Situation: Our client, the Comptroller’s Office (COMP) of a DoD Research, Development, Test & Evaluation (RDT&E) Agency whose mission is to make pivotal investments in breakthrough technologies for national security. The agency “explicitly reaches for transformational change instead of incremental advances.” The Comptroller provides expert financial control of Agency resources and fiscal activities. Emphasis is placed on internal controls over processes and procedures for accounting data supporting agency budgeting and CFO compliance. The Comptroller office understands the Cloud is increasingly where enterprises should be hosting a wide range of applications and platforms–given its cost, capabilities, security and flexibility. At the time, our client utilized three different operating system/server architectures for various reasons. They identified an architecture shift from Sun Solaris to Red Hat Linux would also be required. Our team completed the required analysis, identified the potential benefits of a migration to the cloud and decided to take a multi-phased approach to transition onsite server infrastructure to the cloud where possible. As a part of this approach, we helped our client migrate their web servers and database servers to the cloud. The cloud is well-suited for the types of financial management systems/applications/tools (data, analytic, reporting) identified as migration candidates by IT and the Comptroller’s Office.
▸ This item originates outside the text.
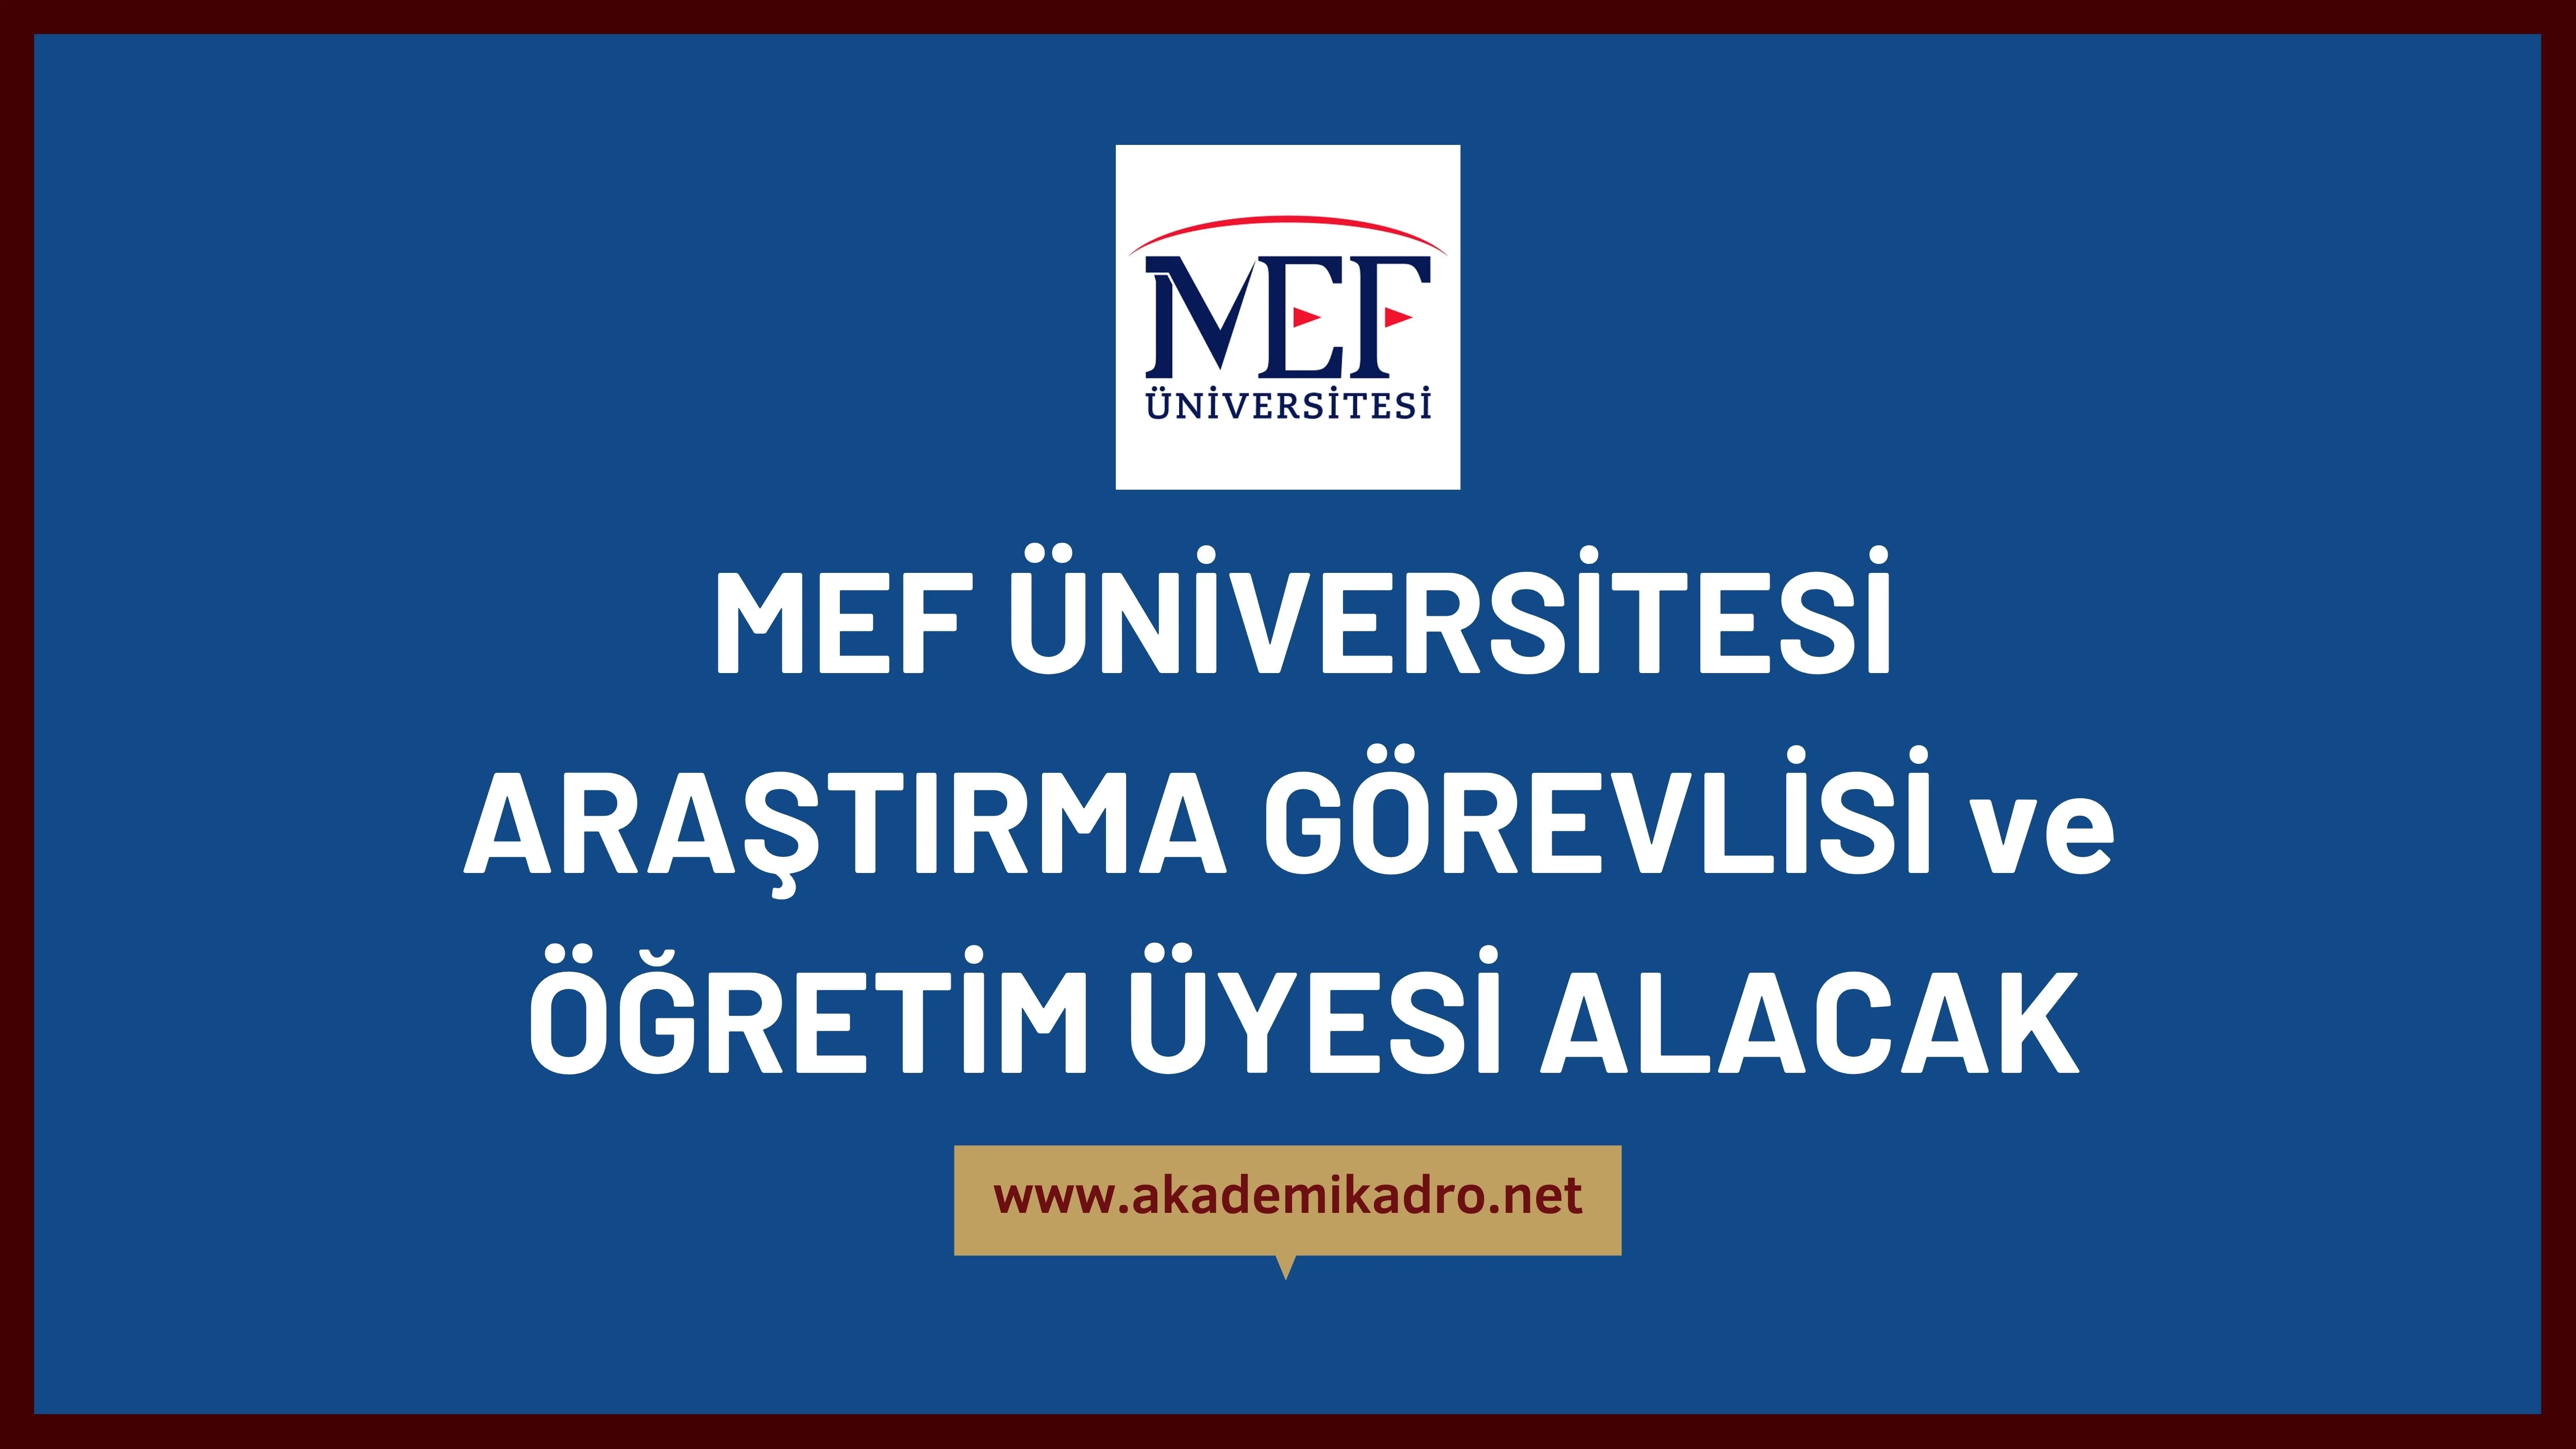 MEF Üniversitesi Araştırma görevlisi ve bir çok alandan öğretim üyesi olmak üzere 15 Öğretim elemanı alacak. Son başvuru tarihi 30 Aralık 2022.

Action: The Summit2Sea Consulting engagement team collaborated with the client to identify which solution was best, based on agency requirements and vendor offerings. AWS was selected as the cloud provider to provide a “Private” cloud. The agency anticipated cost reductions, increased capability, security and flexibility. S2S worked hand-in-hand with our client to define a cloud strategy and migration plan, then execute the required migration tasks that are delivering business value and driving IT change. The major steps completed as part of this effort, and which led to a seamless transition with no downtime were as follows:
- Create new servers
- Migrate, configure, and compile code
- Conduct development black box testing (fix and repair)
- Functional acceptance testing
- Configure external interfaces
- Perform cutover go-live
Impact: As a result of migrating to the cloud, the agency identified benefits that include: reduced cost in hardware and maintenance, improved operational efficiencies, increased security, consistent accessibility and connectivity, and reduced risk for data loss.